Would you get frustrated at some point?

OK, now go back and look at the answers I've been given. I ask what mysterious similarities people are trying to explain with all these theories about shared Valyrian descent, and the response is "Decended from members of the Golden Empire of the Dawn, possibly along wit House Hightower. So, proto-Valyrians." And the more I try to bring things back on topic, the more people want to talk about their own tinfoil built on top of LmL's tinfoil.

But now, since we're already side-tracked, let's get to LmL again.

3 hours ago, cgrav said:

As to the validity of LmL's ideas, I agree there are tenuous connections in many places, but the subtext is definitely there if you start looking at the action of the scenes with those symbols in mind. The universality of the myth is established in the text by the World book's mention of there being multiple Heroes of the Long Night

This is exactly what I'm talking about. Of course the Long Night is a universal myth on Planetos—but that doesn't in any way license the idea that everything else you can find in or even out of the story is a universal myth.

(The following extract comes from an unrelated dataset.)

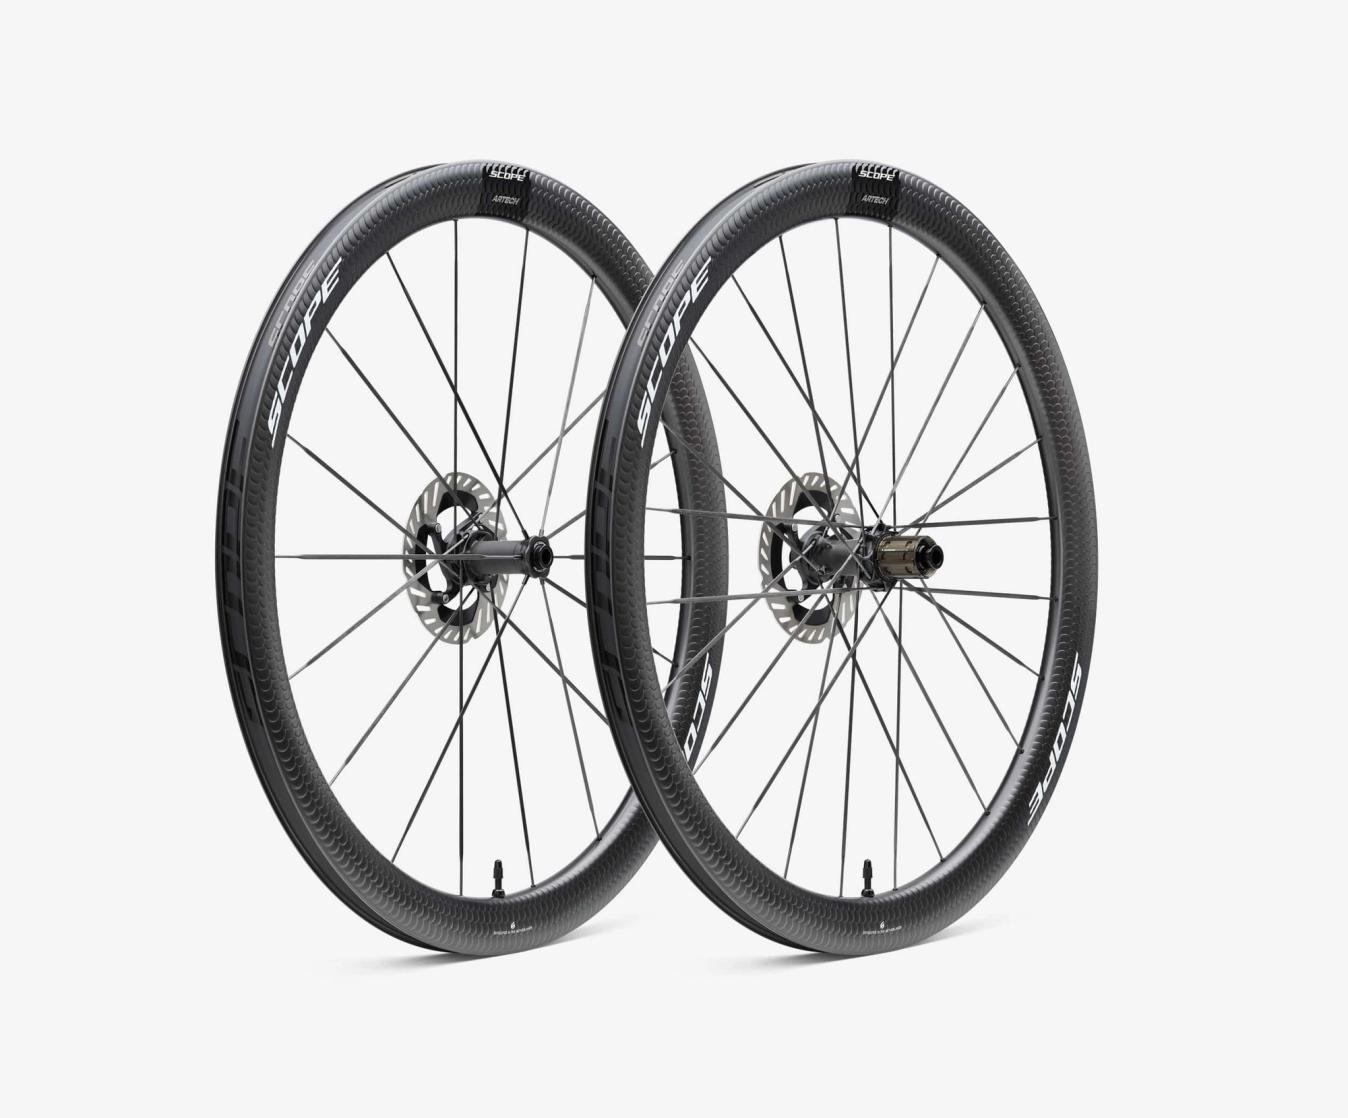 Each wheelset is designed to be lightweight and aerodynamic

And looking for false connections gets in the way of examining the actual connections within the story. For example, there are obvious and intentional connections between Lightbringer and dragons ("living fire" vs. "fire made flesh"), and between Lightbringer and the discovery of steel (the myth clearly describes a steel forging process despite being from a bronze age culture), and so on. Put the half dozen interesting connections together, and that might tell us something interesting. But scramble them up with dozens of other connections that aren't actually in or relevant to the story (and often aren't even true), like Nissa Nissa meaning grandmother moon and every culture worshipping the moon as a grandmother and so on, and whatever GRRM wanted to get across will get lost in the wash.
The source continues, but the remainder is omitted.